**Problem statement**
Reproduce the full listing below exactly. Do not include the pictures.

**Data**
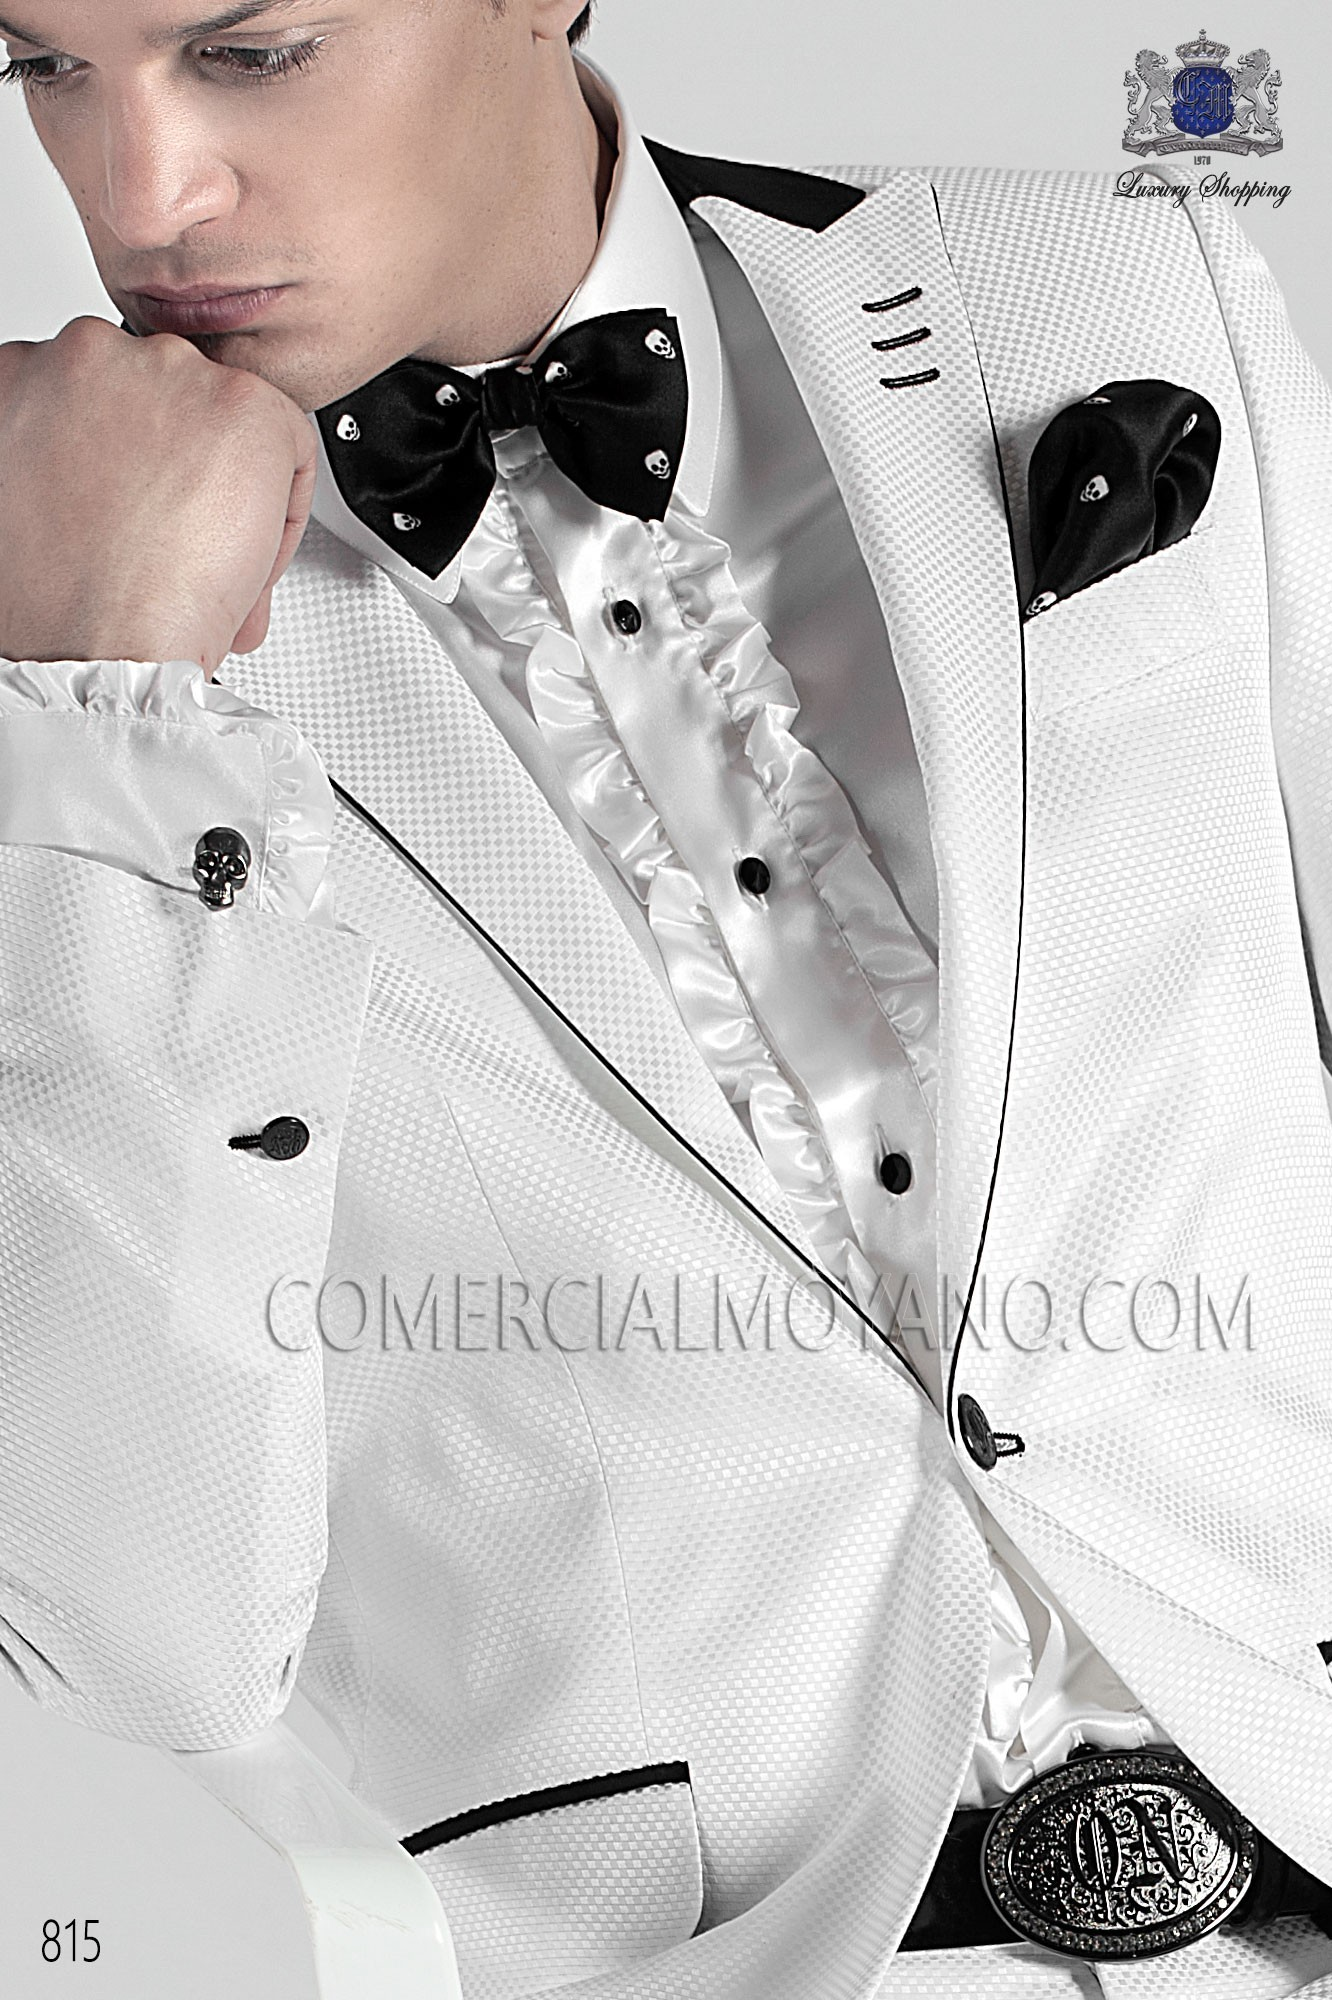 Italian emotion white men wedding suit, model: 815 Ottavio Nuccio Gala Emotion Collection
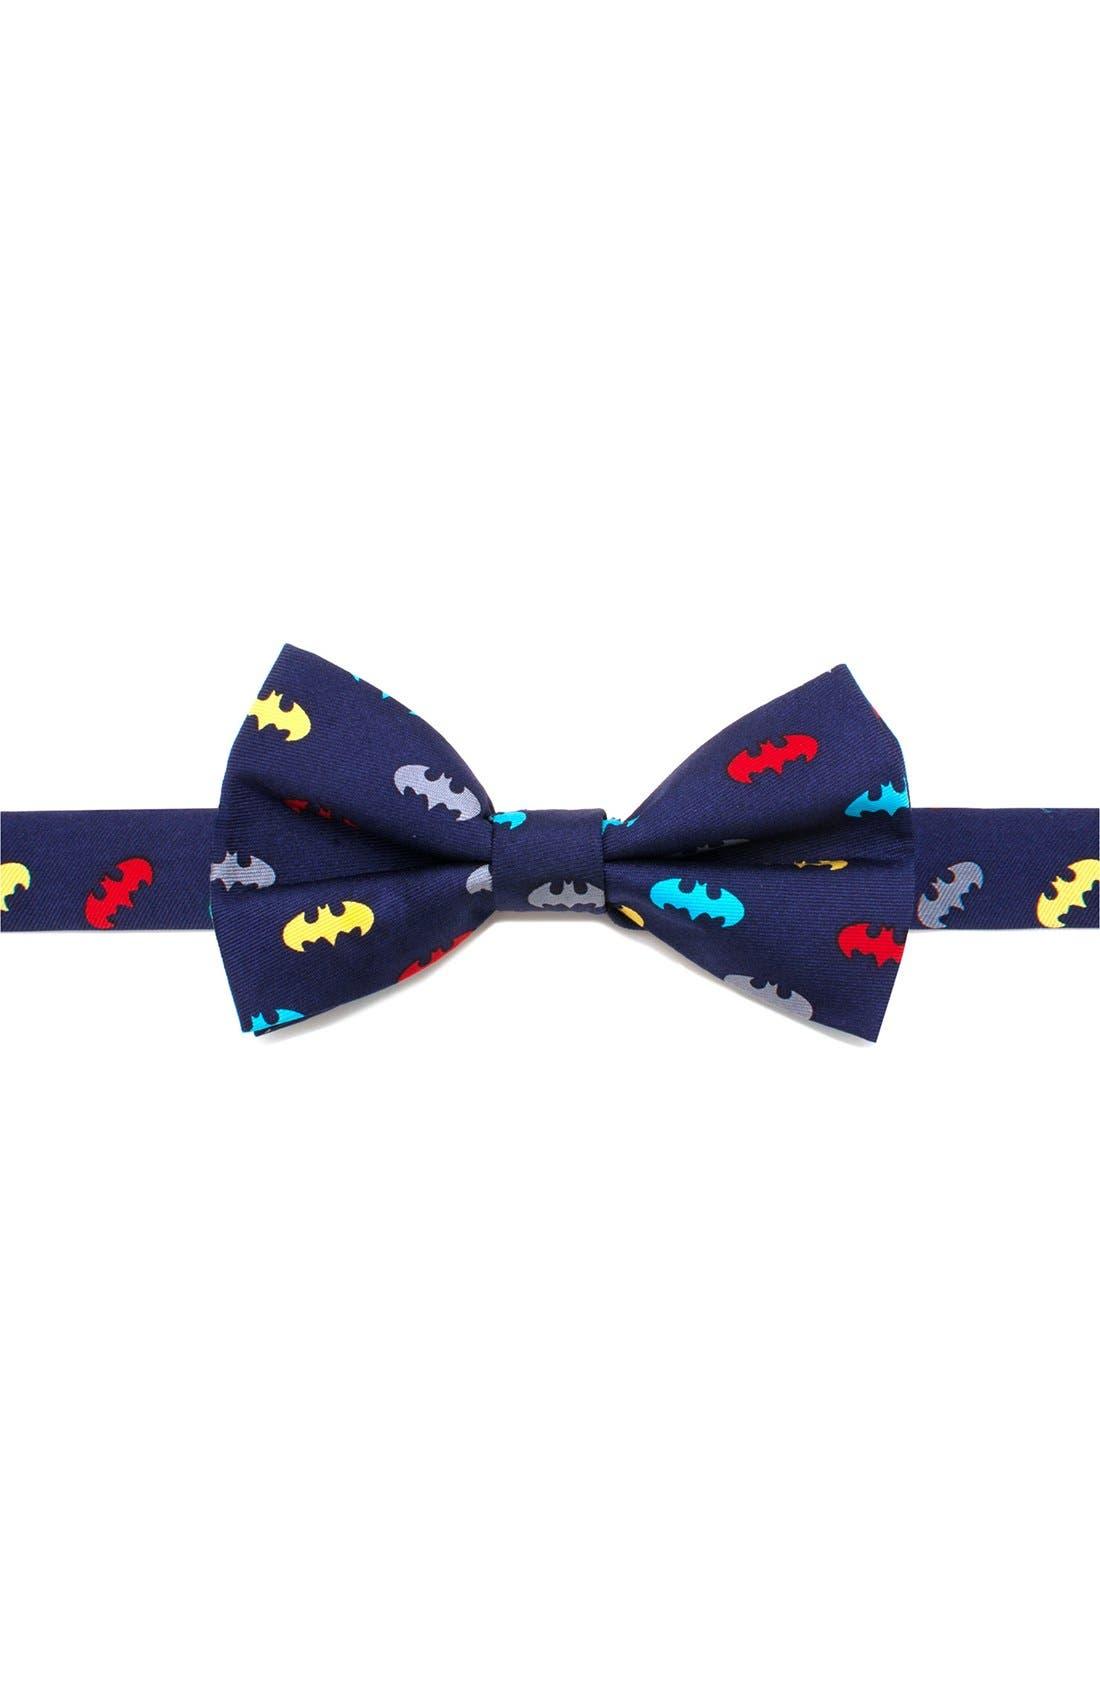 'Batman' Silk Bow Tie,                         Main,                         color, Multi
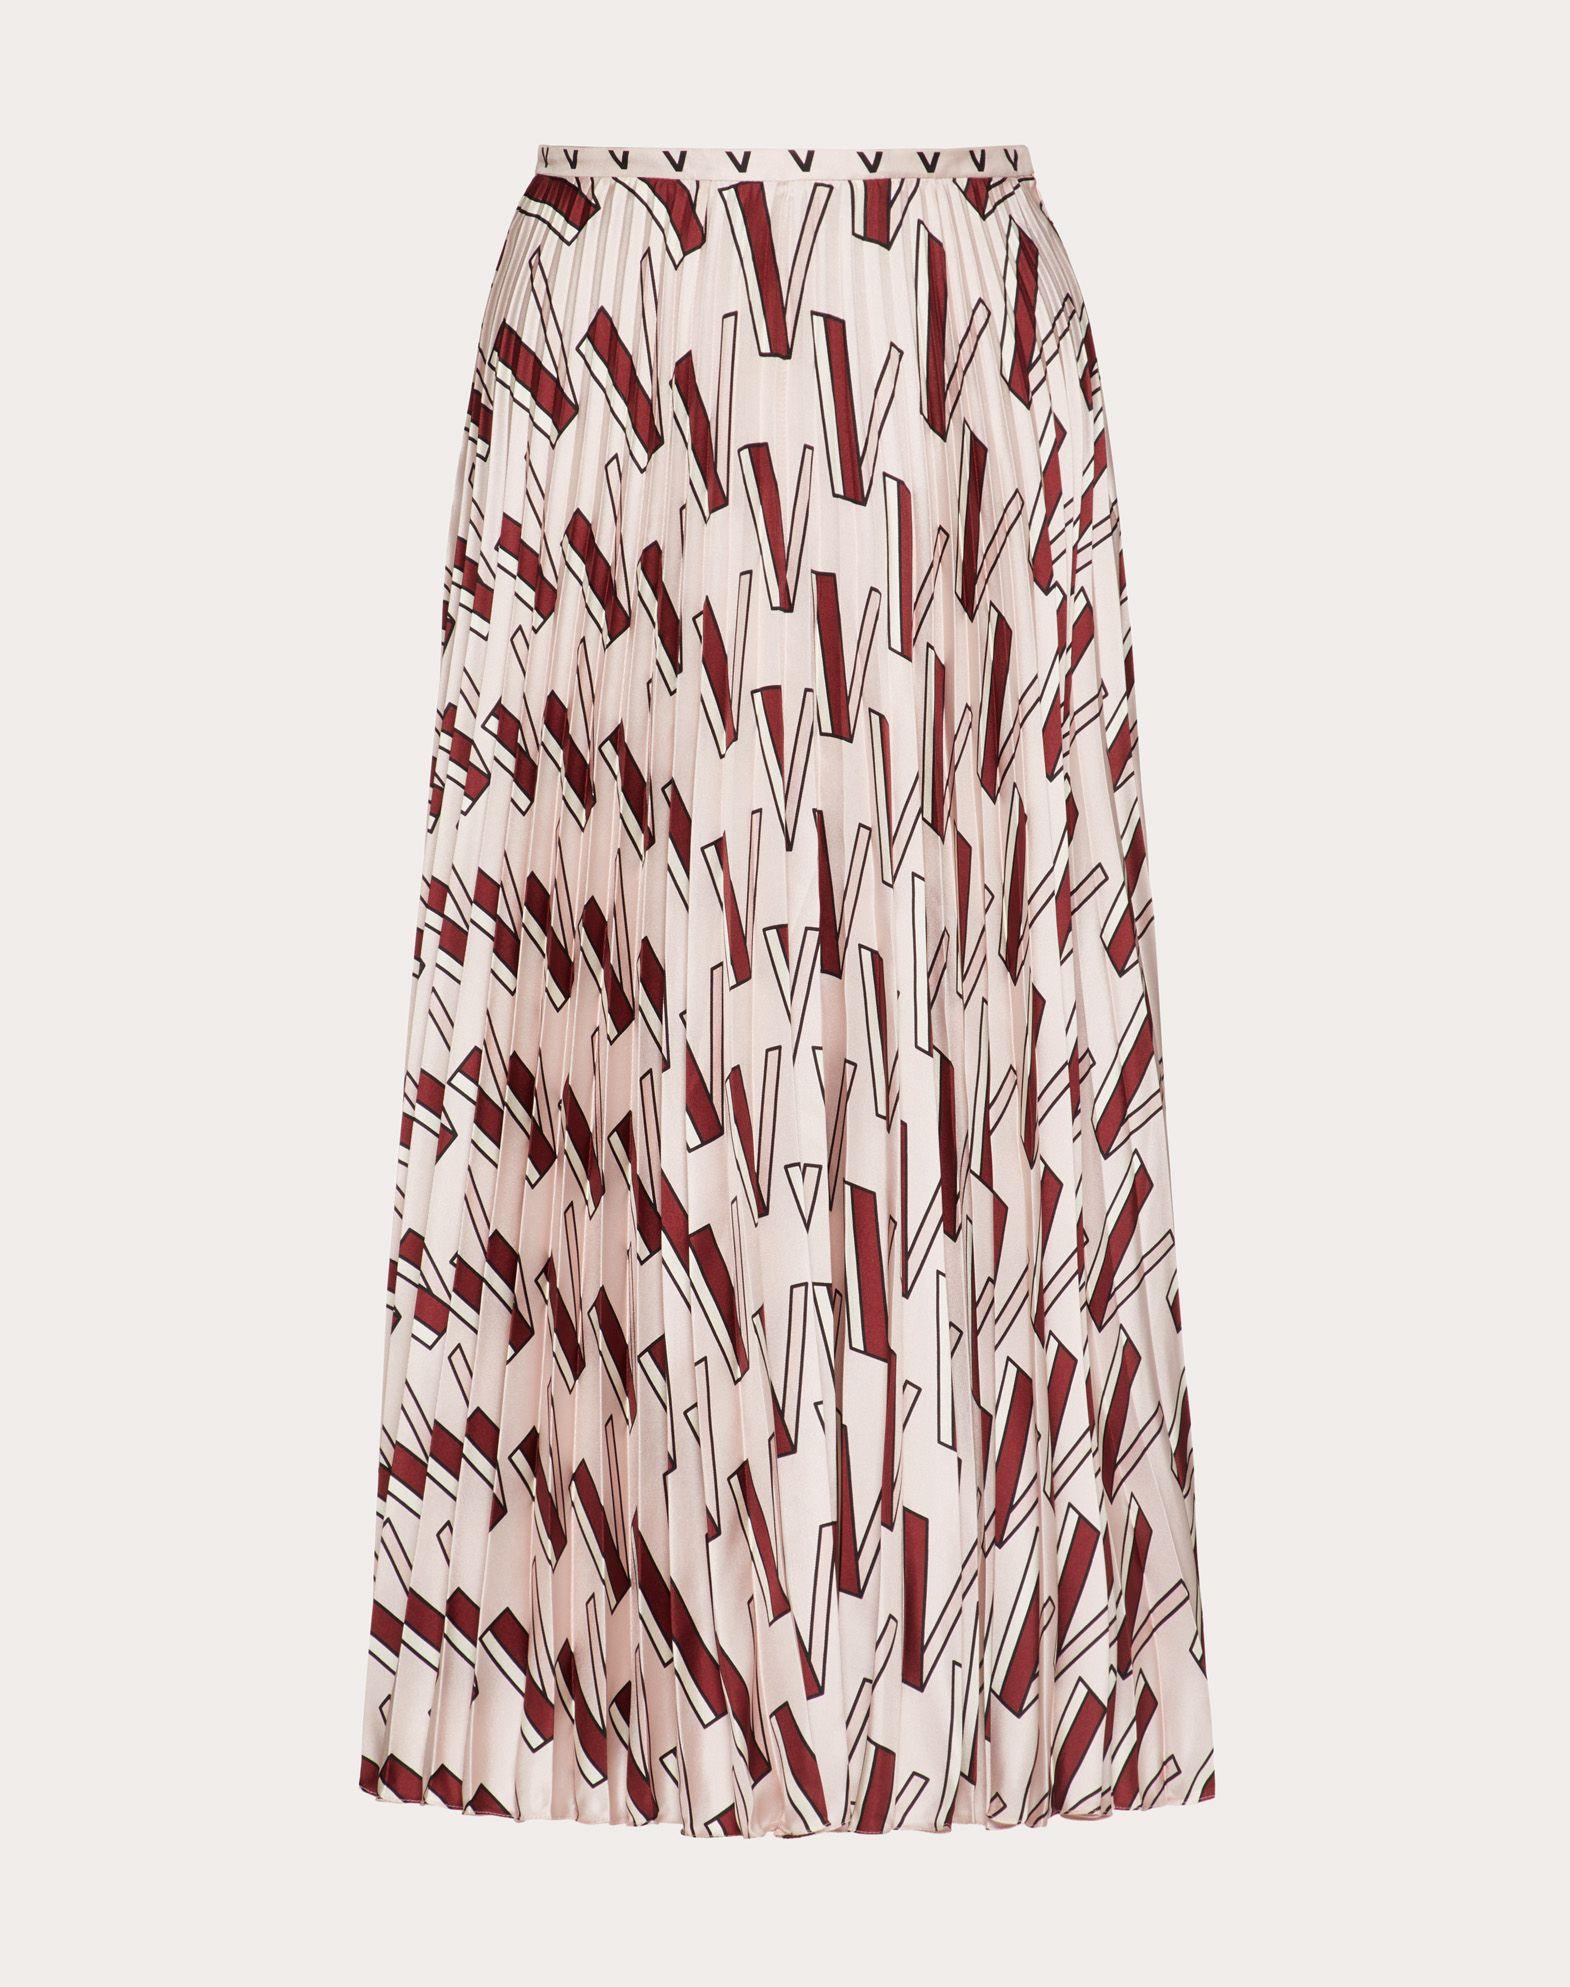 Printed Twill Skirt

**Response area**
 Italian emotion white men wedding suit, model: 815 Ottavio Nuccio Gala Emotion Collection
 'Batman' Silk Bow Tie,                         Main,                         color, Multi
 Printed Twill Skirt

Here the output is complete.